This loop avoids many of the required heap allocations that are typically unavoidable in normal canvas development. However, there are a few bottlenecks. The loop itself adds a bit of work for each cycle, along with the switch statement, and each call to getString() performs many heap allocations just to obtain a JS string reference.

I decided to venture down the rabbit hole once more to see if there were some further optimizations that could be made.

Optimizing CanvasRenderingContext2D Further

It was time to cut some corners, starting with learning how the Context object works (through trial and error.) For instance, when performing any kind of fill() operation, it's possible to avoid writing multiple fillStyle values in succession if the implementation is clever.

// For example, the following "red" is ignored by the browser, effectively.
ctx.fillStyle = "red";
ctx.fillStyle = "green";
ctx.fillRect(100.0, 100.0, 200.0, 200.0);

This kind of optimization can occur when the fillRect() function is called. This is a great moment to check and see if the fillStyle was changed since the last fill() operation. If it was changed, we can emit a fillStyle assignment operation, effectively skipping the "red" string in the previous example.

You might be thinking that this kind of optimization is pretty useless, but actually checking to see if the value changed is pretty cheap. Remember that every time the fillStyle property is set, the browser will parse the string and produce a CSS color.

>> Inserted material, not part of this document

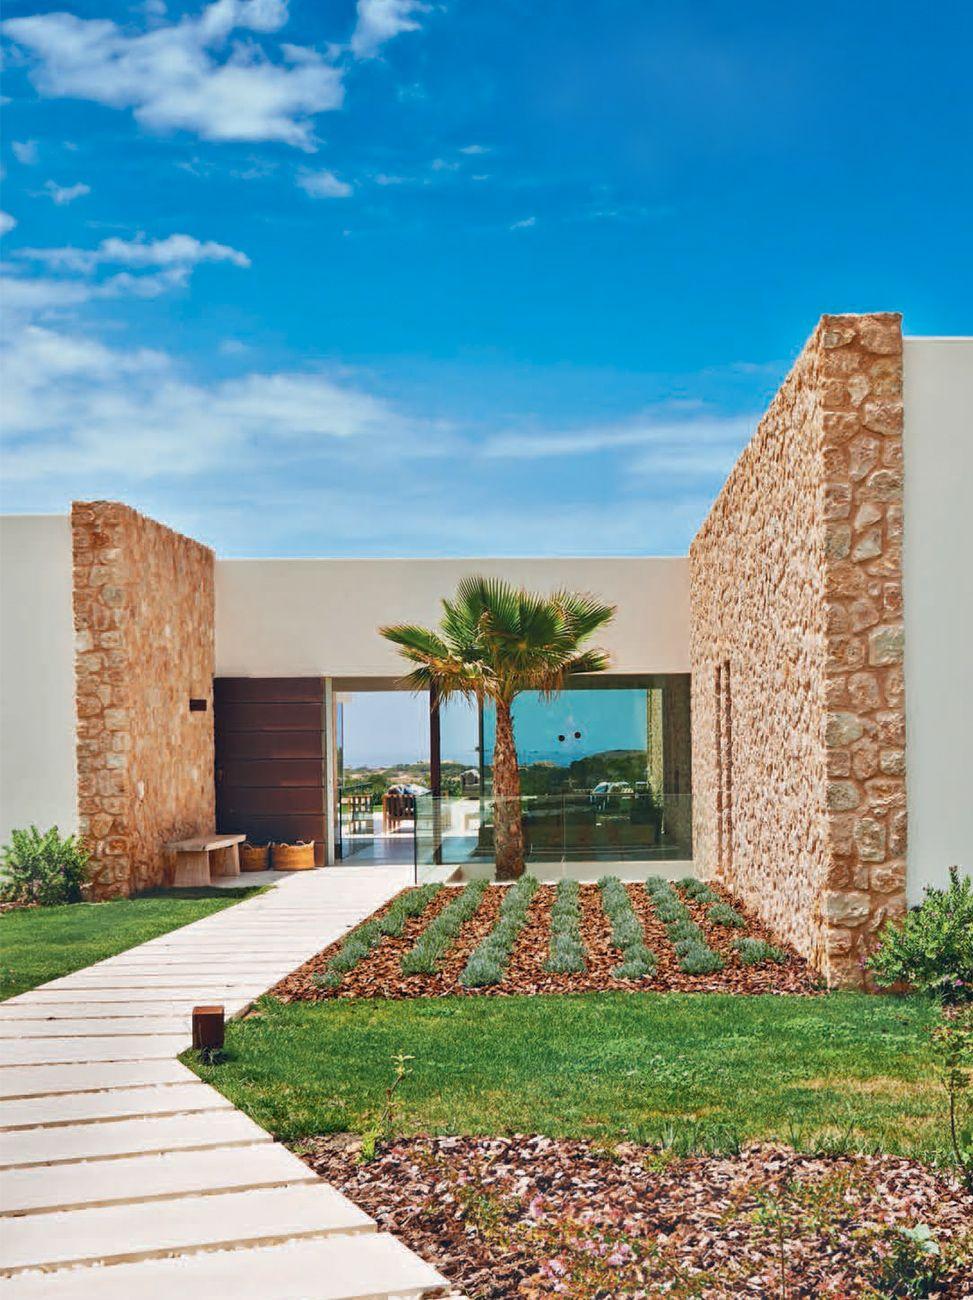 Cala Comte, Ibiza – Studio MILO | Paredes piedra | Pinterest | Piedra
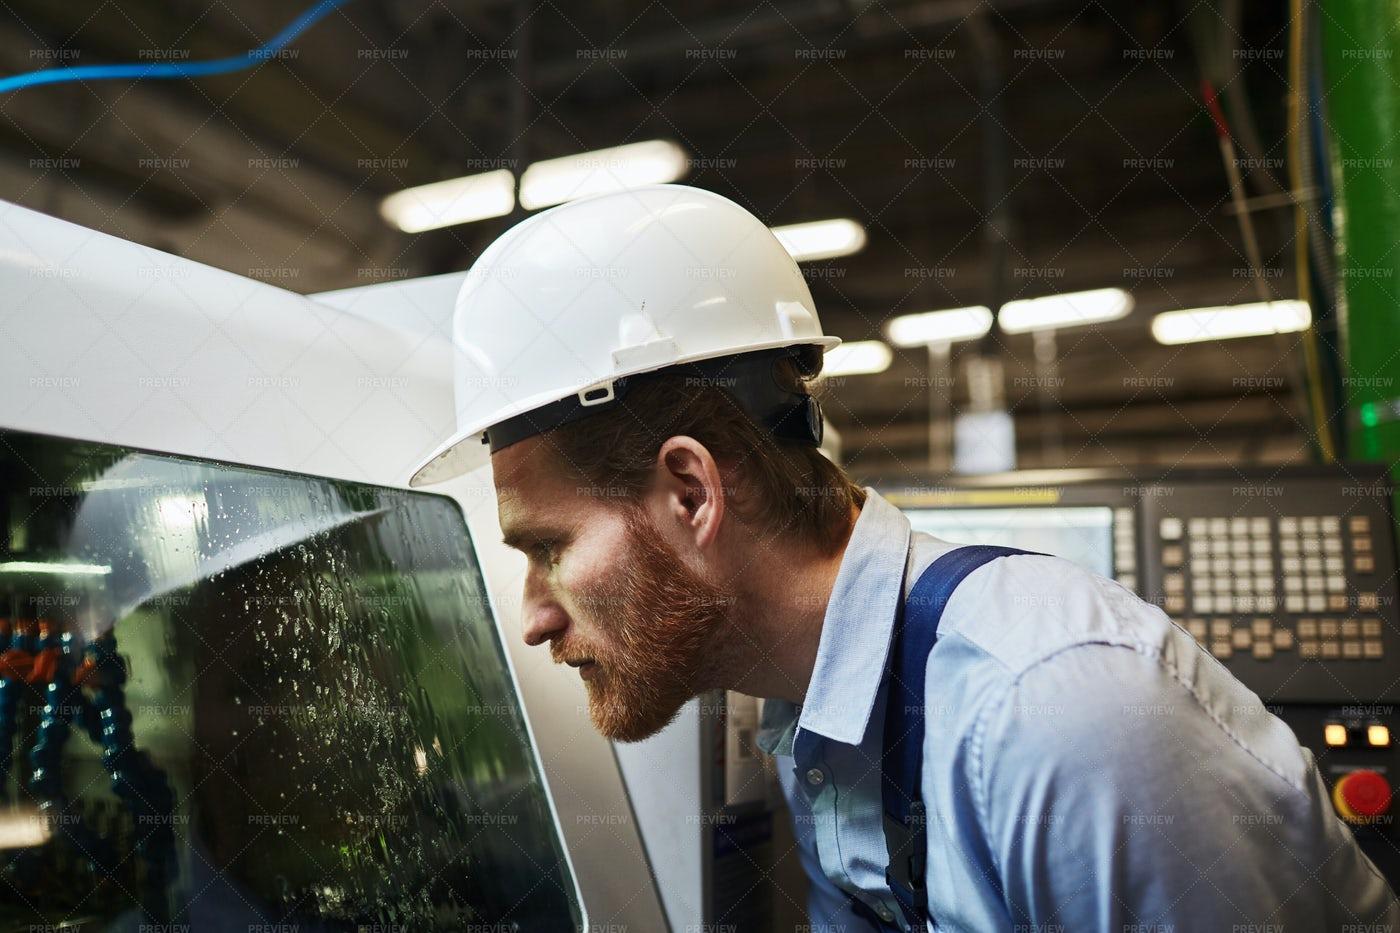 Watching CNC Machine Cleaning: Stock Photos

Why ask JavaScript to parse a color if the fillStyle isn't even going to be used?

ctx.fillStyle = "black";
var result: string = ctx.fillStyle;
assert(result === "#000");

Another example of canvas optimization is pathing operation reduction.

ctx.beginPath();
ctx.rect(1, 1, 2, 2);
ctx.beginPath(); // overwrite the current path and start over
ctx.rect(100, 100, 200, 200);
ctx.fill();

This set of pathing instructions ignores the first two function calls. Why tell the browser to start a new path if it's just going to be ignored? Instead, we can simply check to see if any relevant path instructions are queued up to be written and emit the following (equivalent) instructions.

ctx.beginPath();
ctx.rect(100, 100, 200, 200);
ctx.fill();

As it turns out, this works really well.

Another good example of optimization lies in calculation of canvas transforms.

ctx.translate(100.0, 100.0);
ctx.rotate(Math.PI);
ctx.moveTo(50.0, 50.0);
ctx.lineTo(0.0, 0.0);
ctx.stroke();

What optimziation can occur here? Take a look at the currentTransform property for reference.

// canvas-as stores the matrix values pre-calculated
var matrix = ctx.currentTransform;
// properties a-f are the same values that `setTransform` needs
var values: Array<f64> = [matrix.a, matrix.b, ...];

Since we have already calculated what the transform needs to be, we can emit a single setTransform(a, b, c, d, e, f) operation instead.

ctx.setTransform(-1, 1.2246467991473532e-16, -1.2246467991473532e-16, -1, 100, 100);
ctx.moveTo(50.0, 50.0);
ctx.lineTo(0.0, 0.0)
ctx.stroke();

As a result, the translate() and rotate() function calls were combined together into a single setTransform() operation that was calculated when the moveTo function was called. This is because each path operation depends on the current transform value anyway. In fact, using translate and rotate will cause the browser to perform those calculations yet again(!), so the gains provided by this optimization combine well.

Finally, one (very important) last optimization involves removing save() and restore() function calls. The save() and restore() functions actually cause the browser to copy the whole state of the context and make a copy of it on the heap. Instead, why not implement a pre-allocated set of stack values, and change a single pointer each time save and restore is called?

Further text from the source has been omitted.